*Directions*. Each entry should be transcribed exactly as written, and any picture left out.

*Source records*.
━━━━━━━━

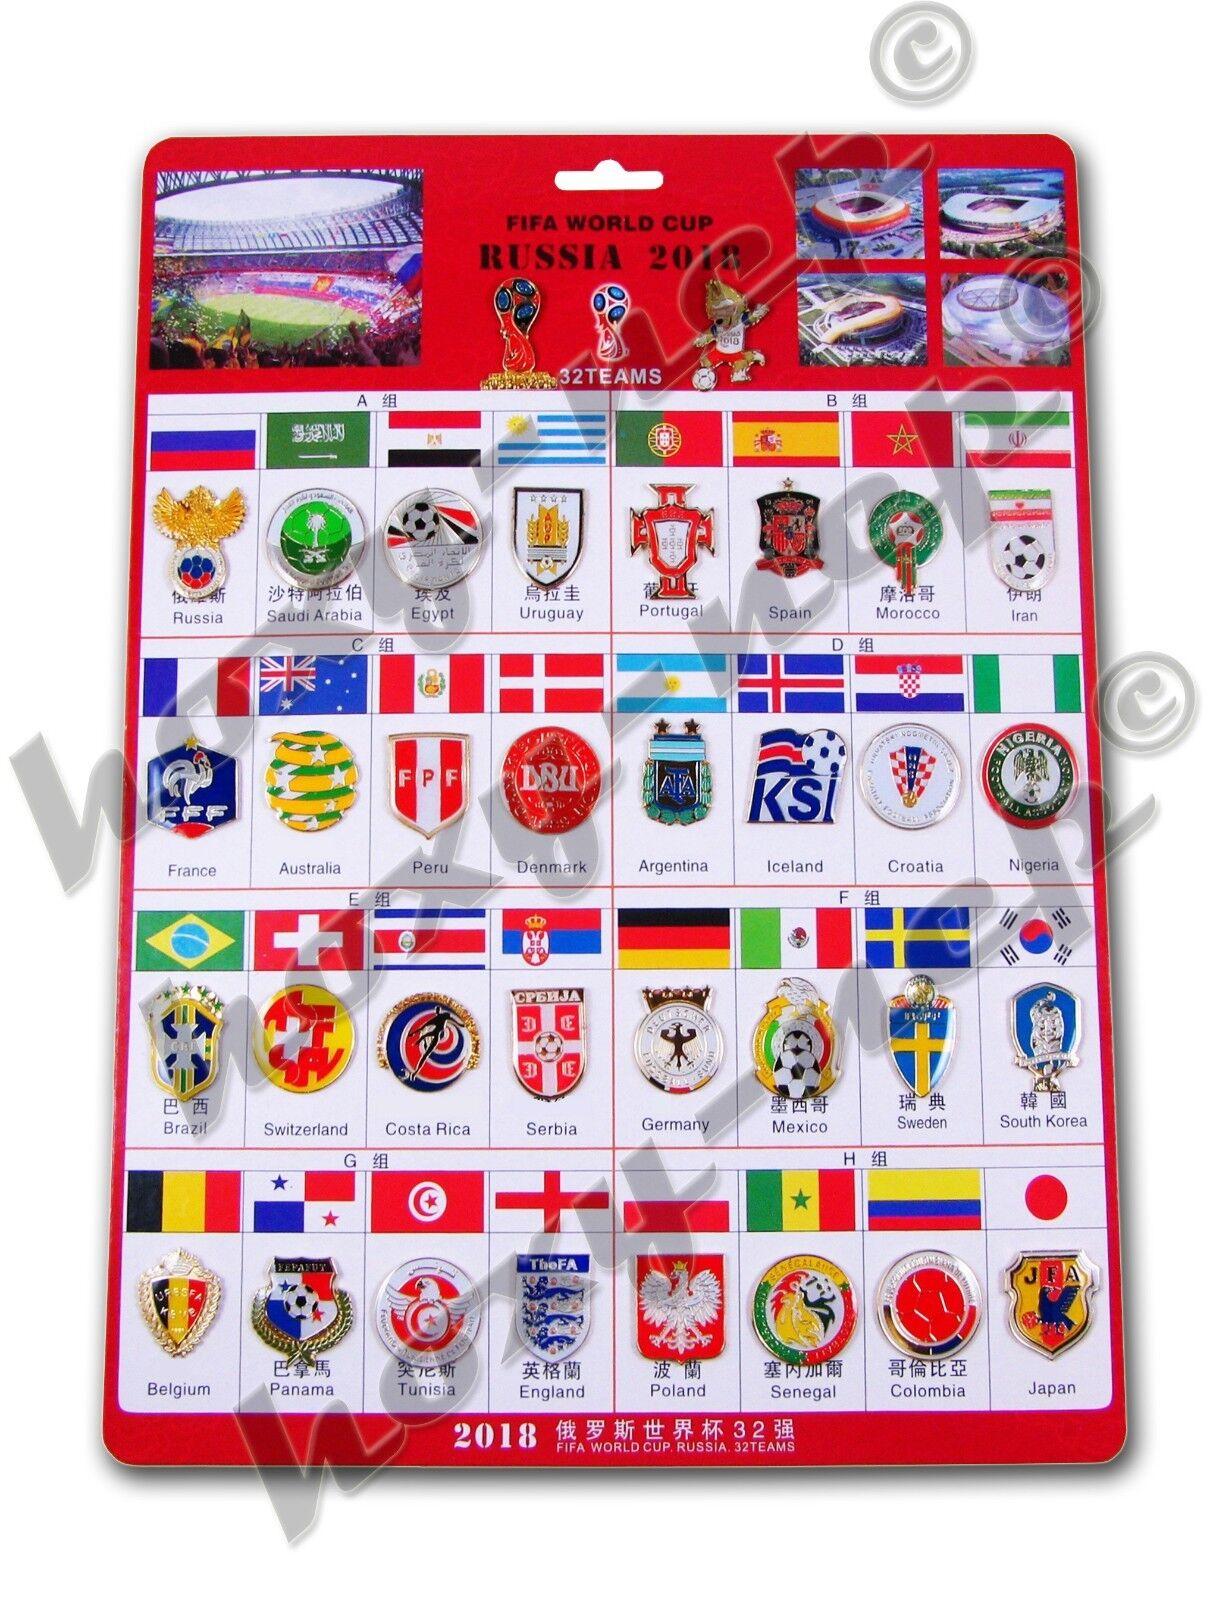 FIFA 2014 WORLD CUP SWITZERLAND FLAG PIN
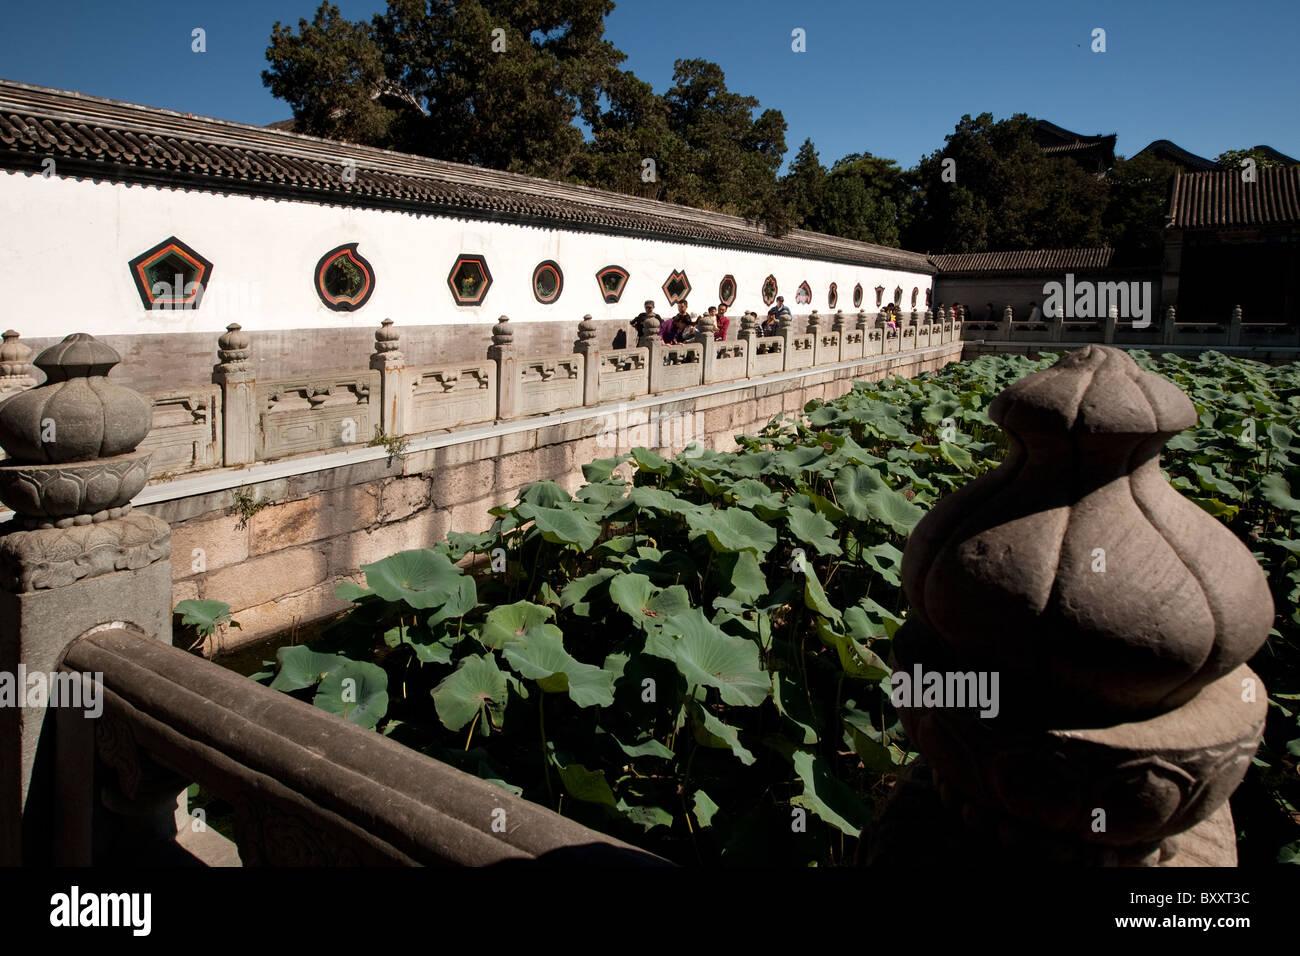 Yiheyuan = Garden of Restful Peace = Summer Palace + Kunming Lake Beijing China - Stock Image
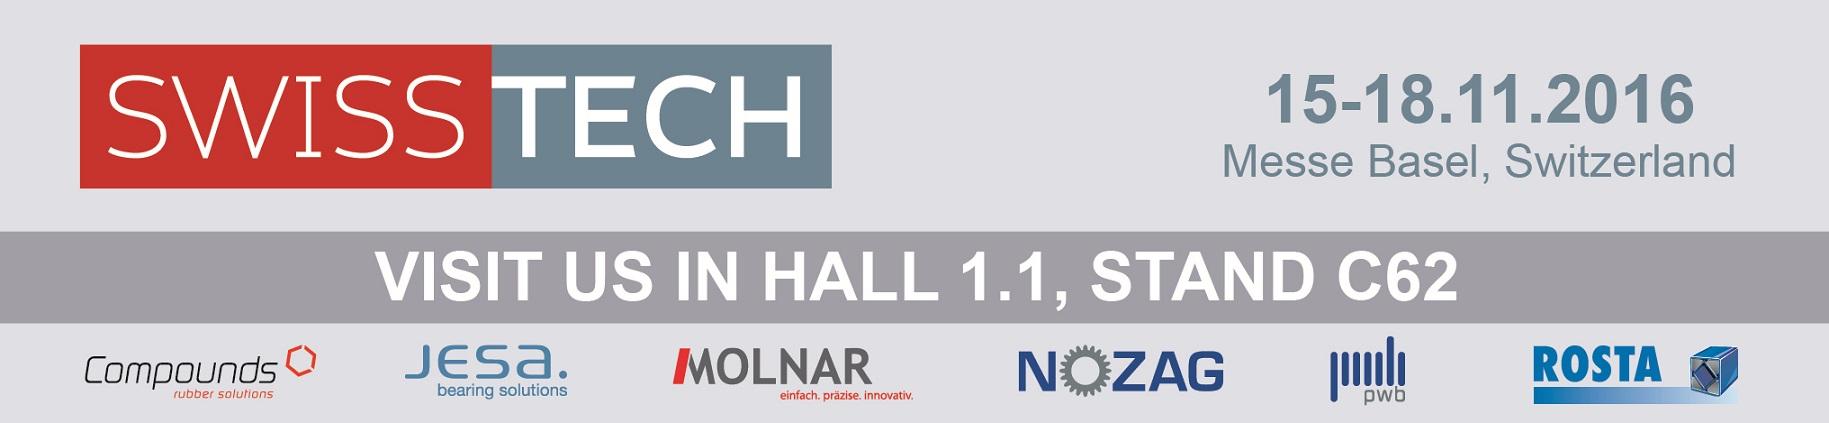 Invitation to swisstech exhibition invitation to the swisstech exhibition stopboris Image collections
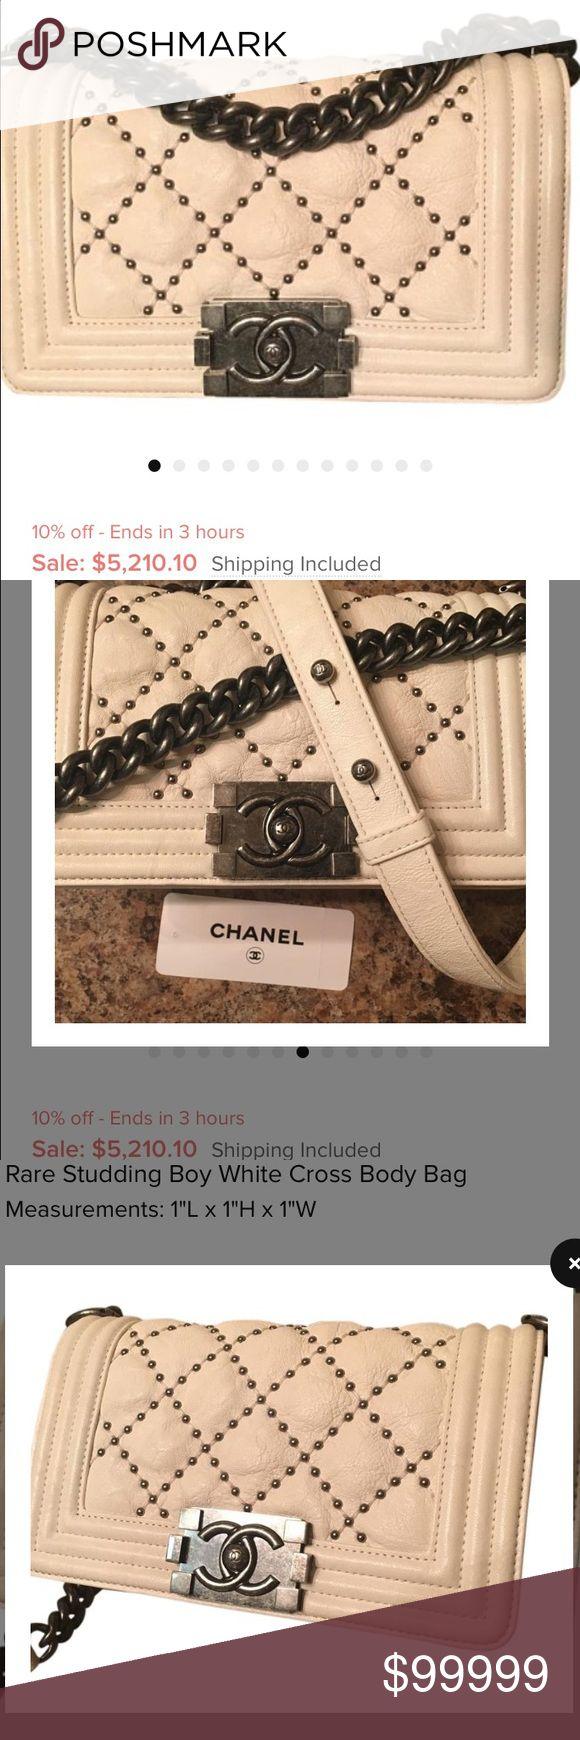 CHANEL BOY BAG Authentic Chanel boy bag SALE!!! CHANEL Bags Crossbody Bags
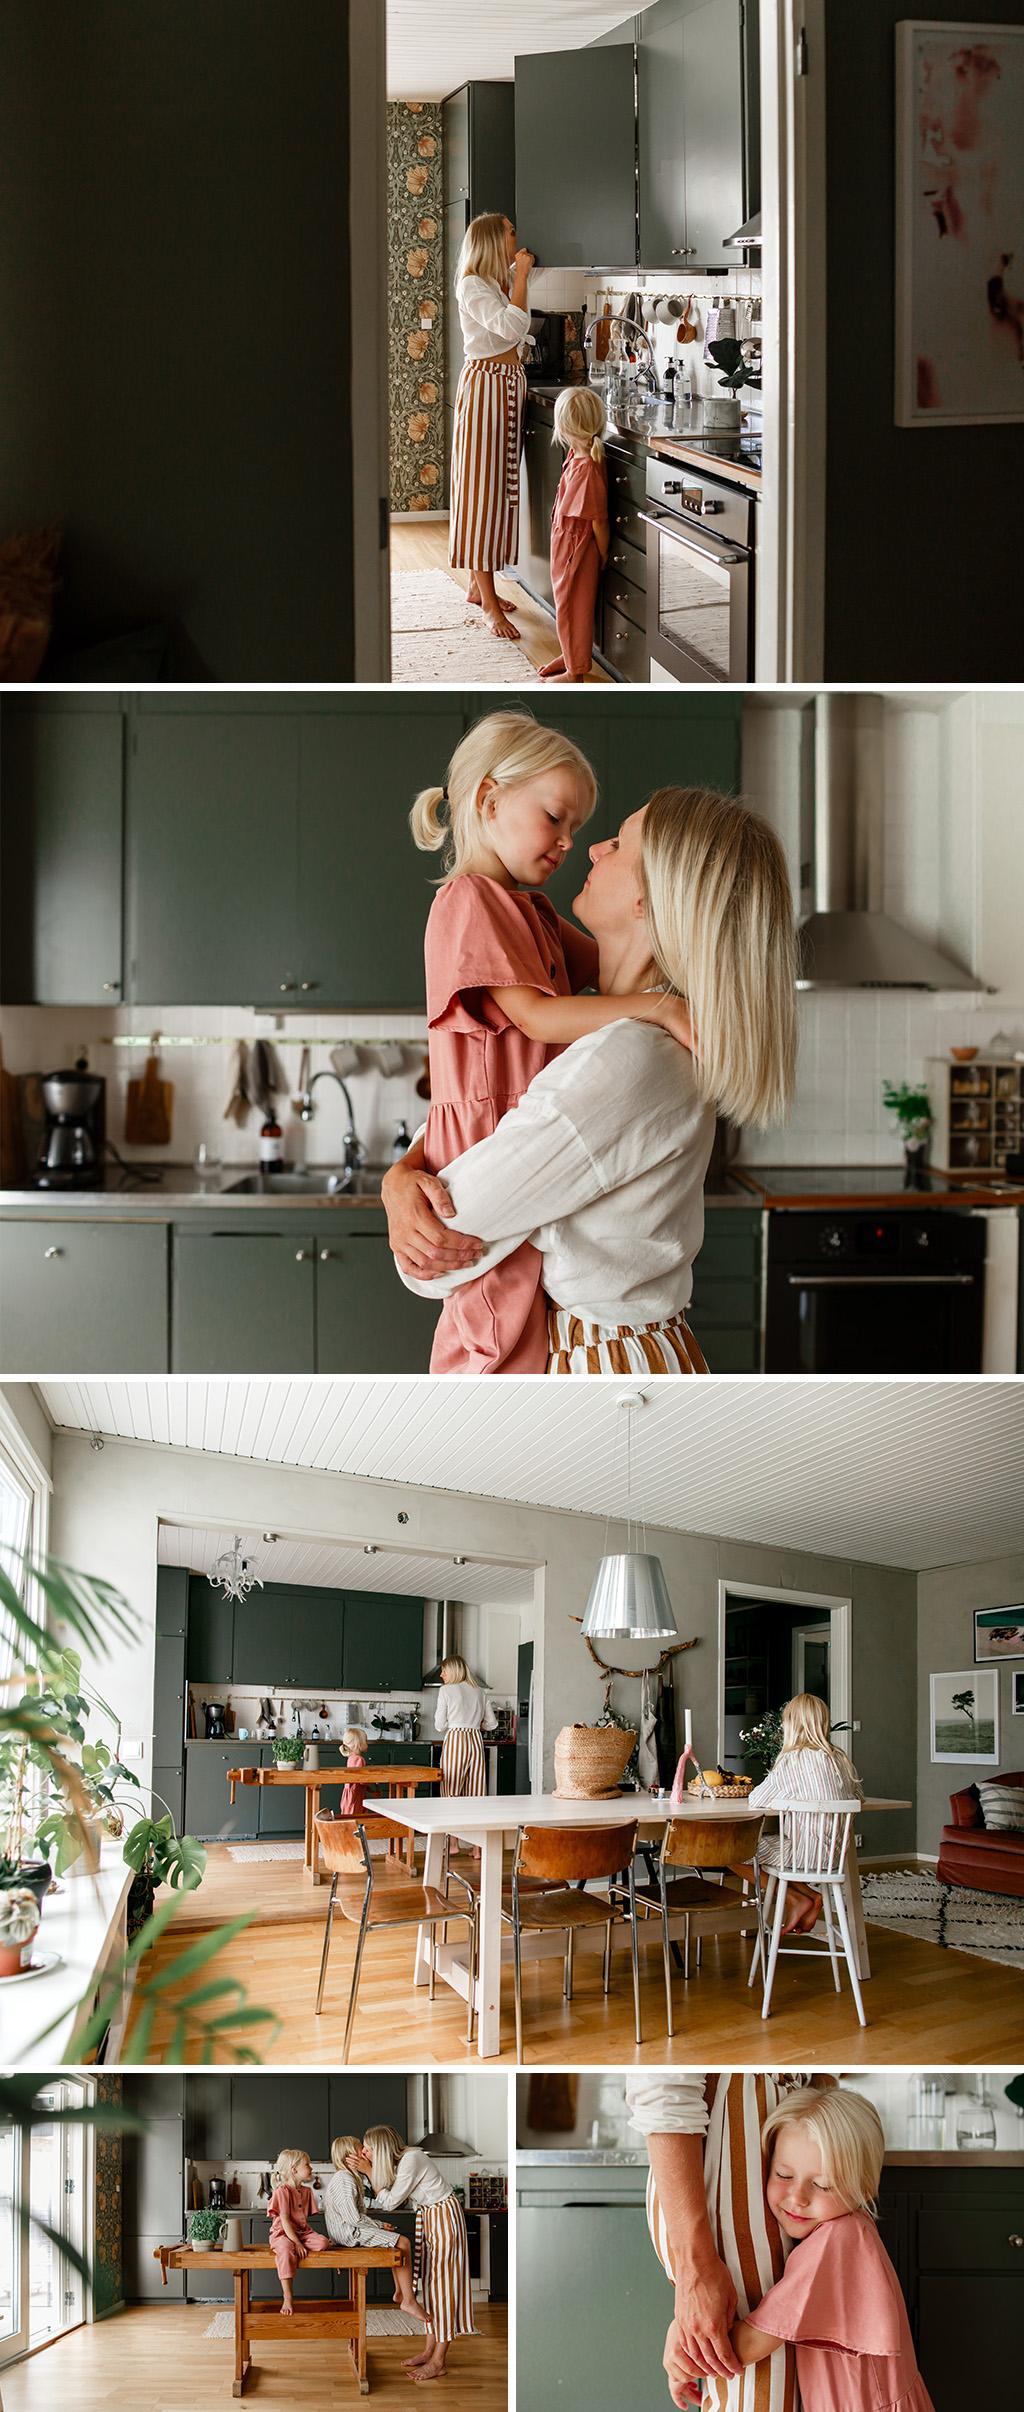 Lifestyle_familjefotografering_Stockholm_hemma-hos-fotografering_lifestyle-inhome-session_10.jpg

━━━━━━━━

*Task result*.
 FIFA 2014 WORLD CUP SWITZERLAND FLAG PIN
 Yiheyuan = Garden of Restful Peace = Summer Palace + Kunming Lake Beijing China - Stock Image
 Invitation to swisstech exhibition invitation to the swisstech exhibition stopboris Image collections
 CHANEL BOY BAG Authentic Chanel boy bag SALE!!! CHANEL Bags Crossbody Bags
 Lifestyle_familjefotografering_Stockholm_hemma-hos-fotografering_lifestyle-inhome-session_10.jpg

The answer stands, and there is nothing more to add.